Jan 24th 2020

Fridrikh Ermler’s Fragment of an Empire is one of the most canonical films of Soviet silent cinema and is considered the director’s key work. In a legendary performance, Fiodor Nikitin plays Filimonov, a soldier who loses his memory during World War I, awakens ten years later, in a new, Soviet world. Where Filimonov used to have a world of his own—a house, a wife—he now finds that his wife has another husband and the surroundings he remembered are gone; in their place are the faceless members of the Komsomol in a land of radical Constructivist buildings that press down on him from all sides. “Where is Petersburg? Who is the master here?” he screams hysterically. But there is no Petersburg. There is a new, frightful city-hybrid. And there isn’t a master—only the factory committee.

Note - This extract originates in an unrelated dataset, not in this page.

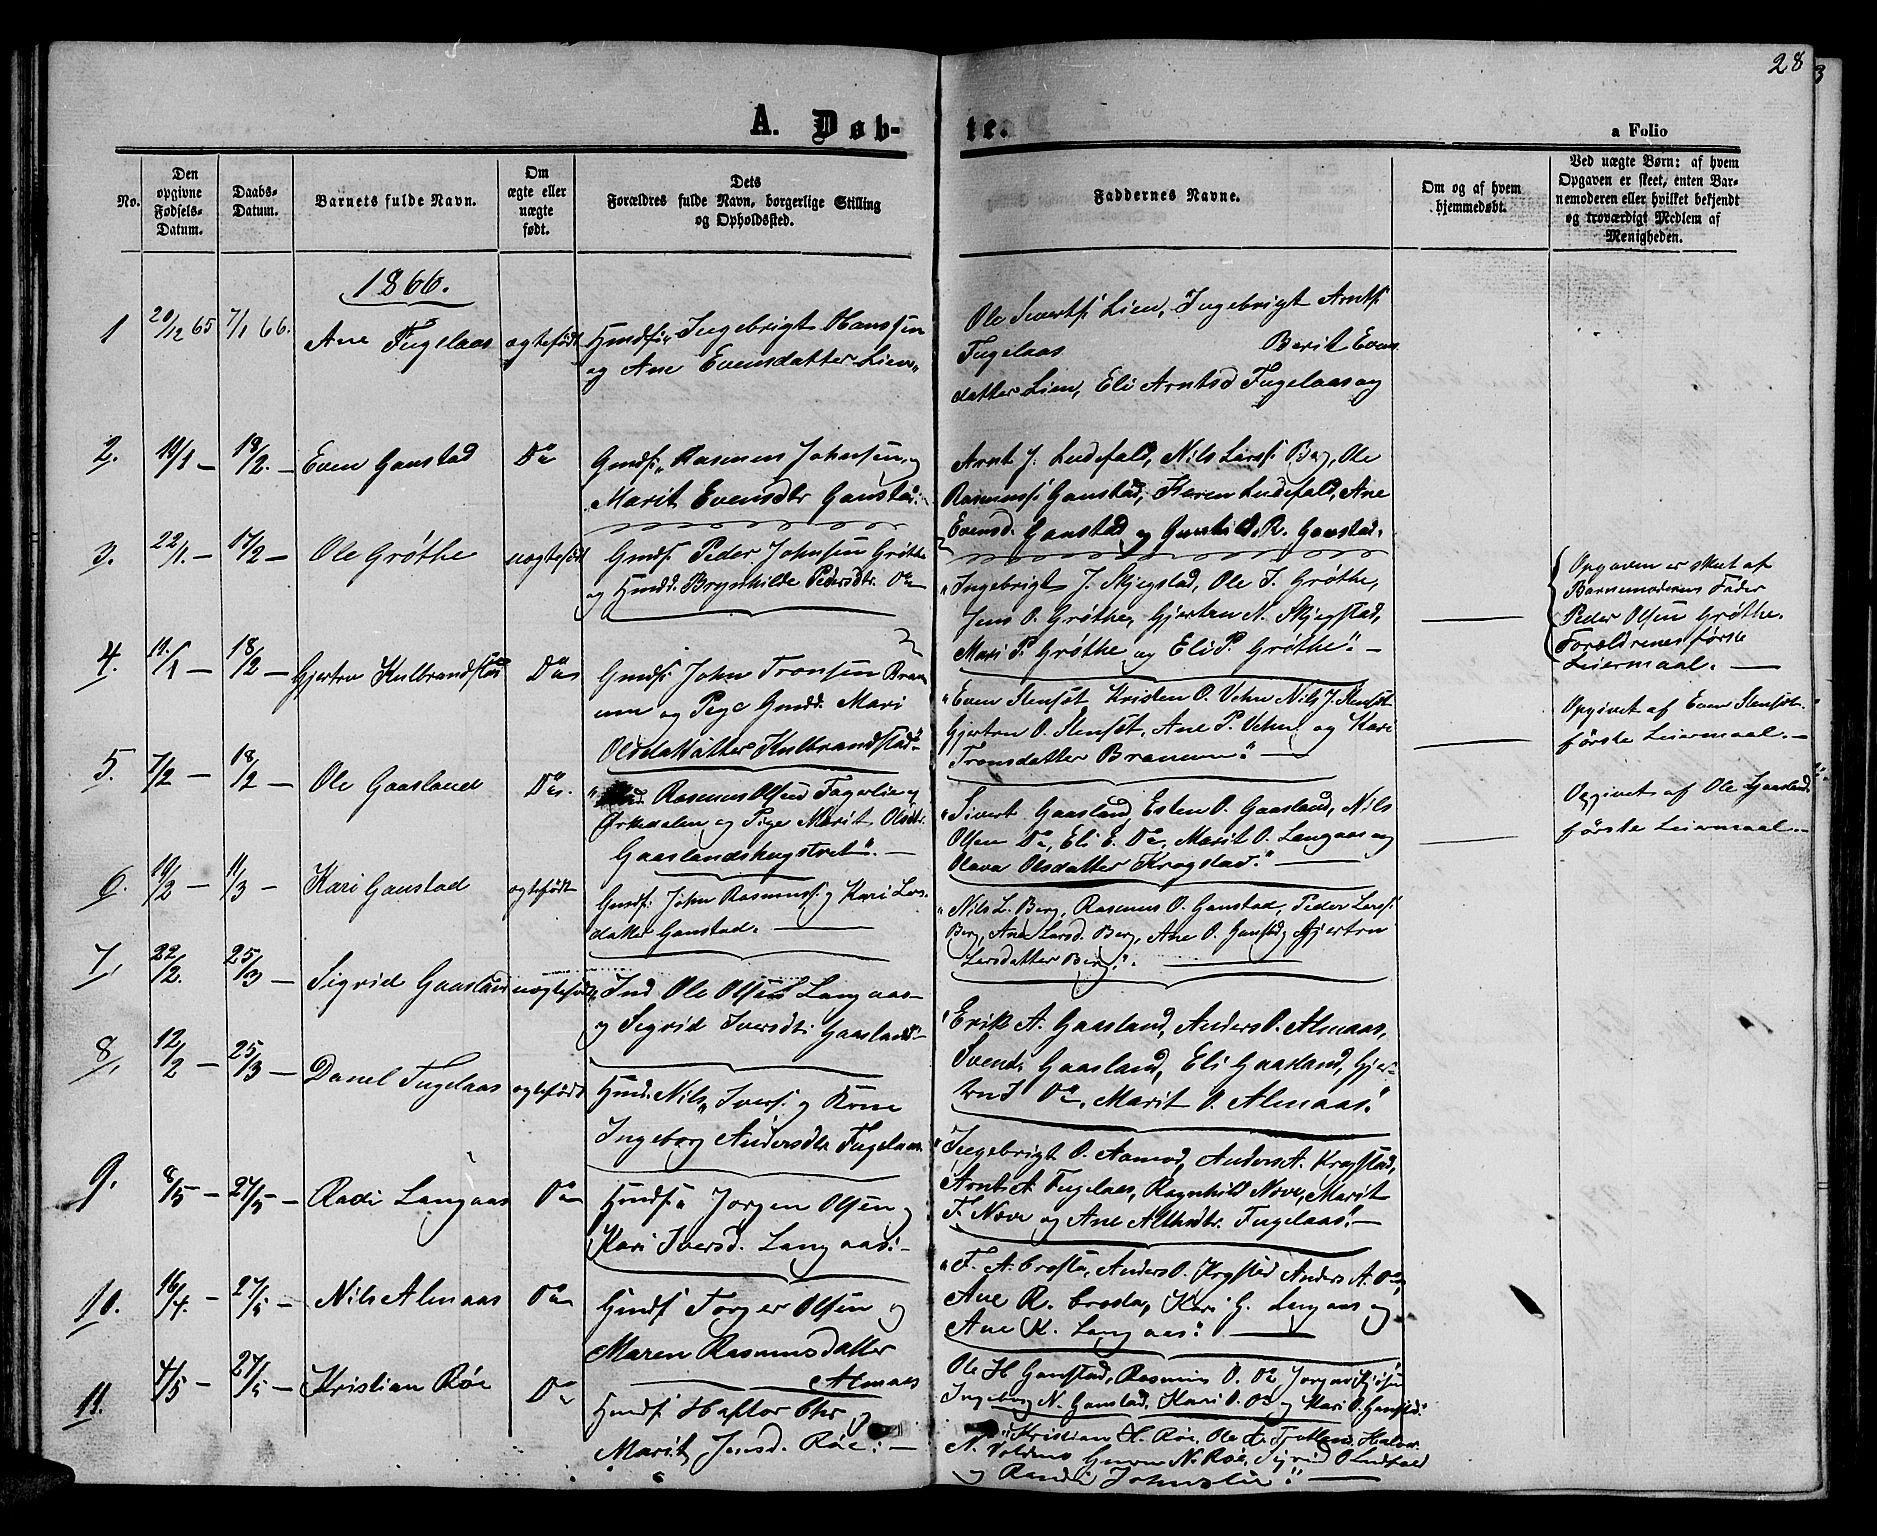 SAT, Ministerialprotokoller, klokkerbøker og fødselsregistre - Sør-Trøndelag, 694/L1131: Klokkerbok nr. 694C03, 1858-1886, s. 28

Ermler’s intentions were to show the renewal of the country, the accomplishments of Soviet power, and the liberation and rebirth of the people, all through the eyes of a newcomer. But he had a remarkable ability to let the cat out of the bag, to turn propaganda into the most unvarnished exposure of reality. After numerous public screenings to baffled audiences, the film was re-edited, losing a quarter of its running time, many of its iconic Freudian images, and its striking intertitles, which were a full-fledged element of its montage. Even the most famous shot of the film, that of Christ in a gas mask, reproduced in dozens of publications, was absent from the distribution prints.

To recreate Ermler’s vision, an international team of archivists drew from multiple sources, reconstructing the film from 35mm nitrate prints held at the Eye Filmmuseum and the Cinémathèque Suisse, with missing title sequences reproduced from Russian “montage lists” (censorship records) held at Gosfilmofond. Peter Bagrov presents a special screening of the 2018 restoration accompanied by acclaimed pianist and composer Donald Sosin. UChicago professor Robert Bird will join Bagrov for a conversation after the film.

(Fridrikh Ermler, USSR, 1928, 109 min., 35mm courtesy of San Francisco Silent Film Festival)

Peter Bagrov is a film historian and archivist. From 2013-2017 he acted as Senior Curator at Gosfilmofond of Russia. He is now the Curator in Charge of the Moving Image Department at the George Eastman Museum and the Director of the L. Jeffrey Selznick School of Film Preservation. His main areas of research interest are Soviet film, theater, and art history of the 1910s through 1960s.

Donald Sosin has scored over 4,000 films for live performance and recorded over 150 titles for DVD, cable, and streaming on many labels, including Criterion Collection, Kino, Milestone, Flicker Alley, and Turner Classic Movies. He contributed music to Alexander Payne’s Downsizing and has performed at major film festivals from New York, Telluride, San Francisco, Seattle, Hollywood, and Washington to the world’s largest silent film festival in Pordenone, Italy.